Verse is not written, it is bled, somebody once said. Some sense of this imbued the recent poetry reading by Sampurna Chattarji, a Mumbai-based poet, fiction-writer and translator whose collection “Sight may strike you blind” was recently published by Sahitya Academy. Reading with her was S S Prasad, a microchip design engineer whose poems have appeared in various poetry journals. The event, organised by Toto Funds for the Arts (TFA) at Crossword Bookstore, is part of a regular series aimed at encouraging and supporting young poets.

Chattarji read a selection from her debut collection, which amply demonstrated her lyrical range and powerful use of clean, sharp images that slice through the reader’s consciousness. In her introduction to the reading, poet Anjum Hasan spoke of Chattarji’s “painterly eye” and this was evident in poems like “Still life in motion”:  “The sky strides/ inland on giant stilts, unstoppable, shutting out the light” and “Dogs, mobs and rock concerts” where she describes local trains as “each rattling its chains,/ returning thousands to their cages,/ till dawn.”

Noted poet Jeet Thayil, who introduced Chattarji, spoke of “the unnameable condition bordering on doom’ that informs her poems. Telling the audience about Chattarji’s degenerative eye disorder which will eventually end in blindness, he added a layer of contextual depth to some of her lines. “In Sampurna’s poems, blindness is not only allegoric,” he said. “But not all her poems are dark and portentous,” he added, “they can also be sexy and mysterious.”

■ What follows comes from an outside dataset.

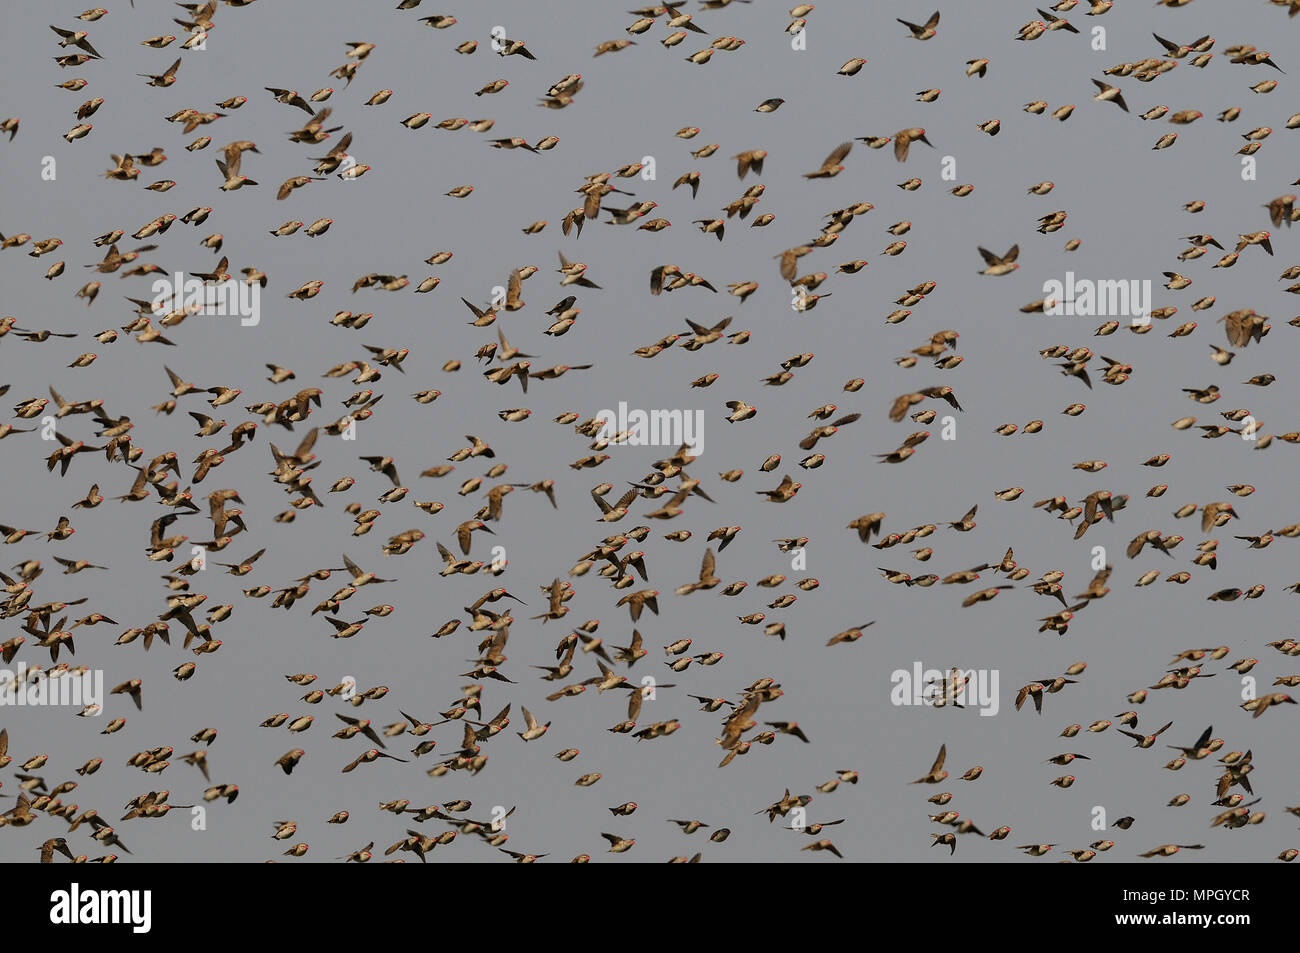 Redbilled quelea swarm in the sky, (quelea quelea),  etosha national park, namibia Stock Photo

A lively discussion on Indian English poetry followed the discussion, and with quite a few poets present in the room—Jeet Thayil, Anjum Hasan, Mani Rao and translator N Kalyan Raman—it took some interesting turns. Although it was asked in jest, Chattarji chose to answer Thayil’s question on why she writes in English. “For me, it’s never been a choice,” she said. “English has always been the language for me. But I do feel impelled to translate Bengali poetry that affected me as a child. It is only through translation that I feel I can have a relationship with my mother tongue.”